SL: New York always felt like a real survivalist culture. There are so many little challenges and indignities to living in New York. Many of which I wrote about in “Broken People”. LA has a very different pace and a very different texture, which in many ways is really luxurious by comparison. I was really struck by the culture around wellness and mysticism and self- optimization that existed in LA, which felt like it intersected with a very looks-driven, showy, materialism that was also present in LA. LA is sort of flashy in a way that New York is not. But at the same time, there’s this real sort of new-age culture that’s coinciding with that superficial culture.

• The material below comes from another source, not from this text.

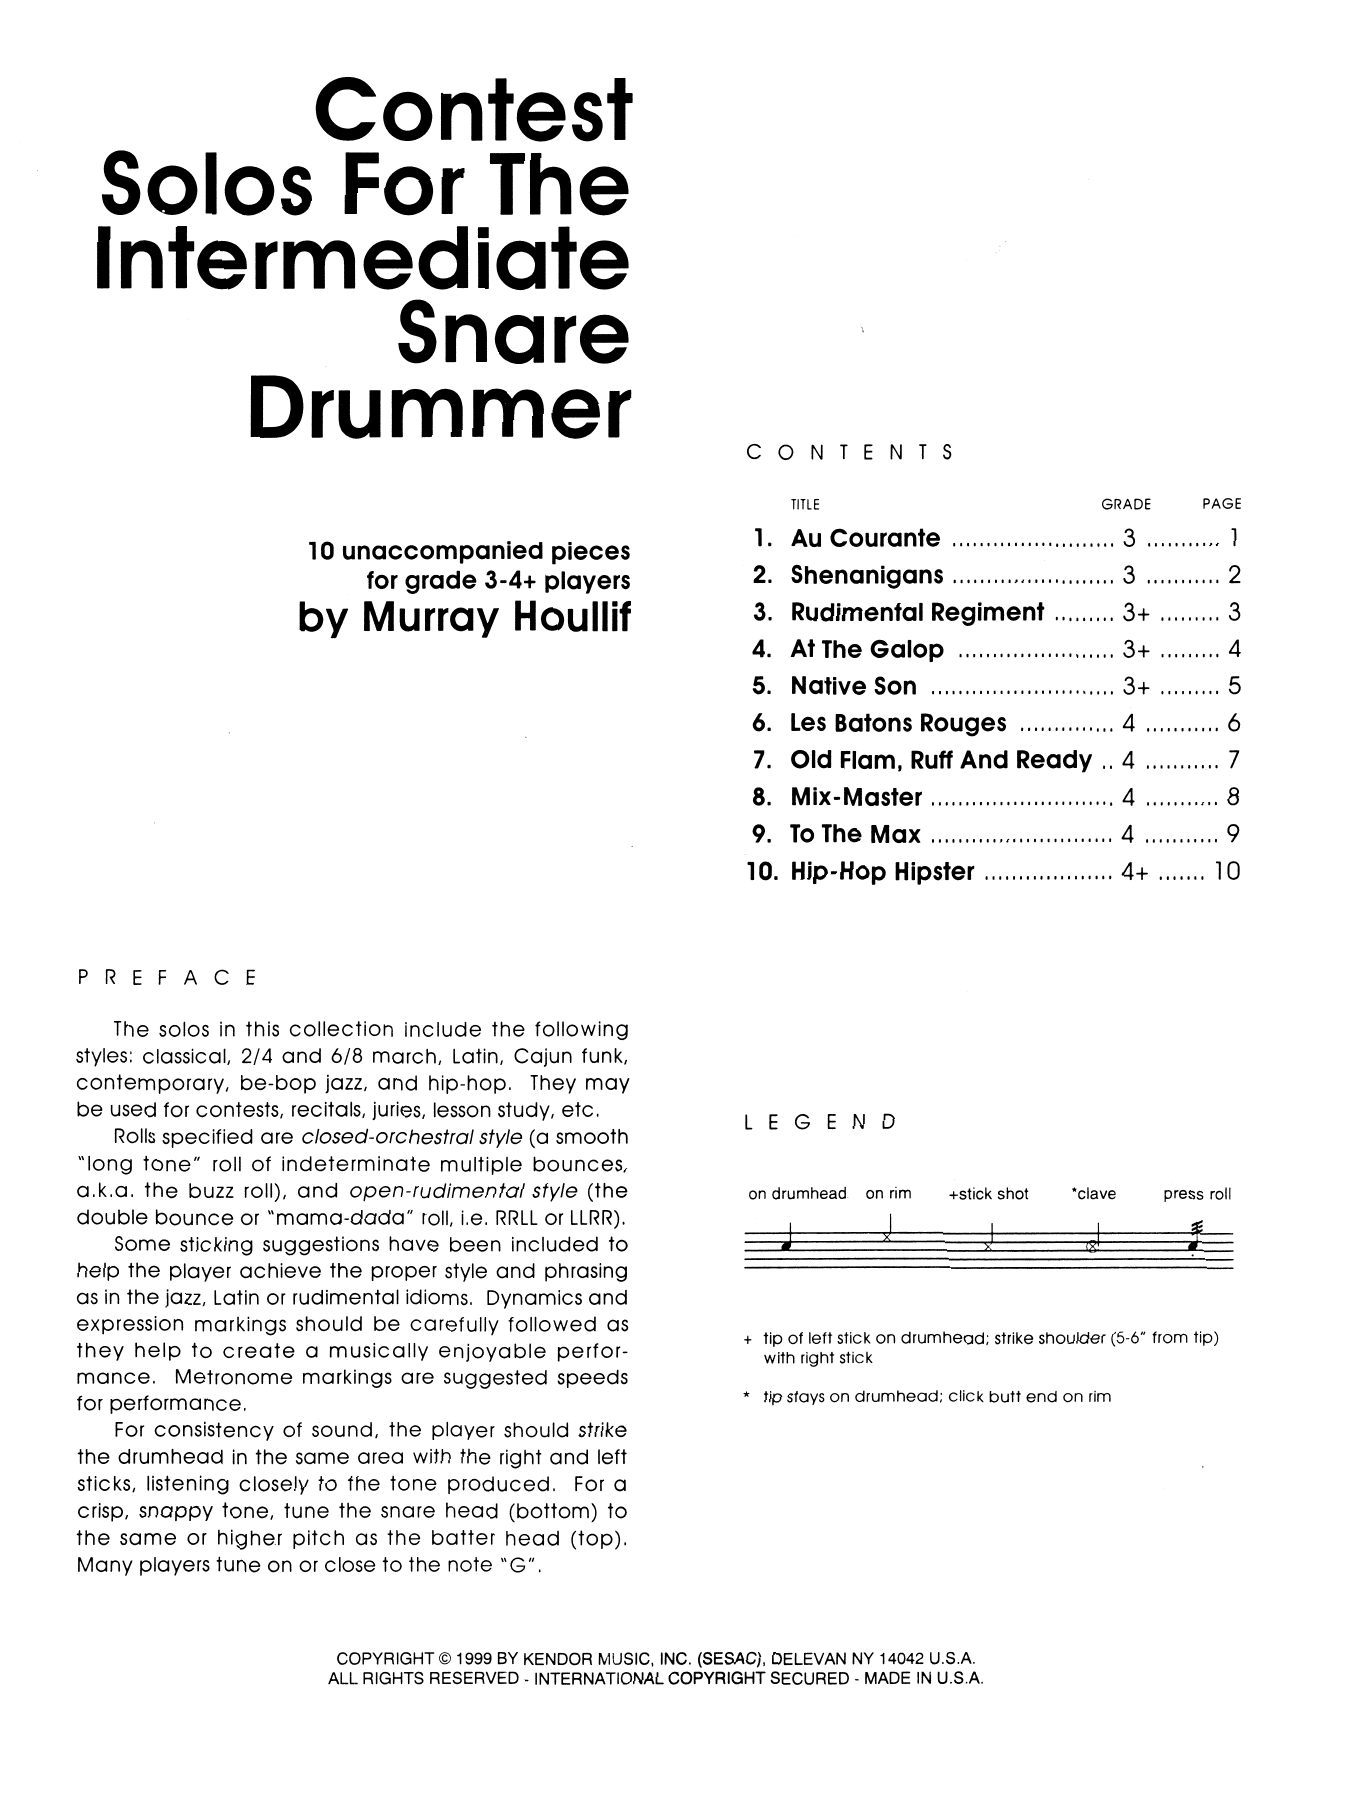 Contest Solos For The Intermediate Snare Drummer (Percussion Solo) von Murray Houllif

LA seems to be a city at the crosshairs of mysticism and materialism. That was so fascinating to me as a writer. That was really the world and the ethos that I wanted to capture with this book. What happens when those two currents cross paths?
L'O: You’re working on the screenplay for “The Gilded Razor.”
SL: We have a script. I’m really really excited about it. I’ve been developing it with Dustin Lance Black, who is an extraordinary writer, director and Academy Award winner for the movie Milk. He’s attached to direct it.
L'O: Are you working on a third book?
SL: I’ve started. It is another novel and it is totally different than either of these two books in terms of the autobiographical or semi-autobiographical nature. It is fully a work of imagination and I am just having a blast with it.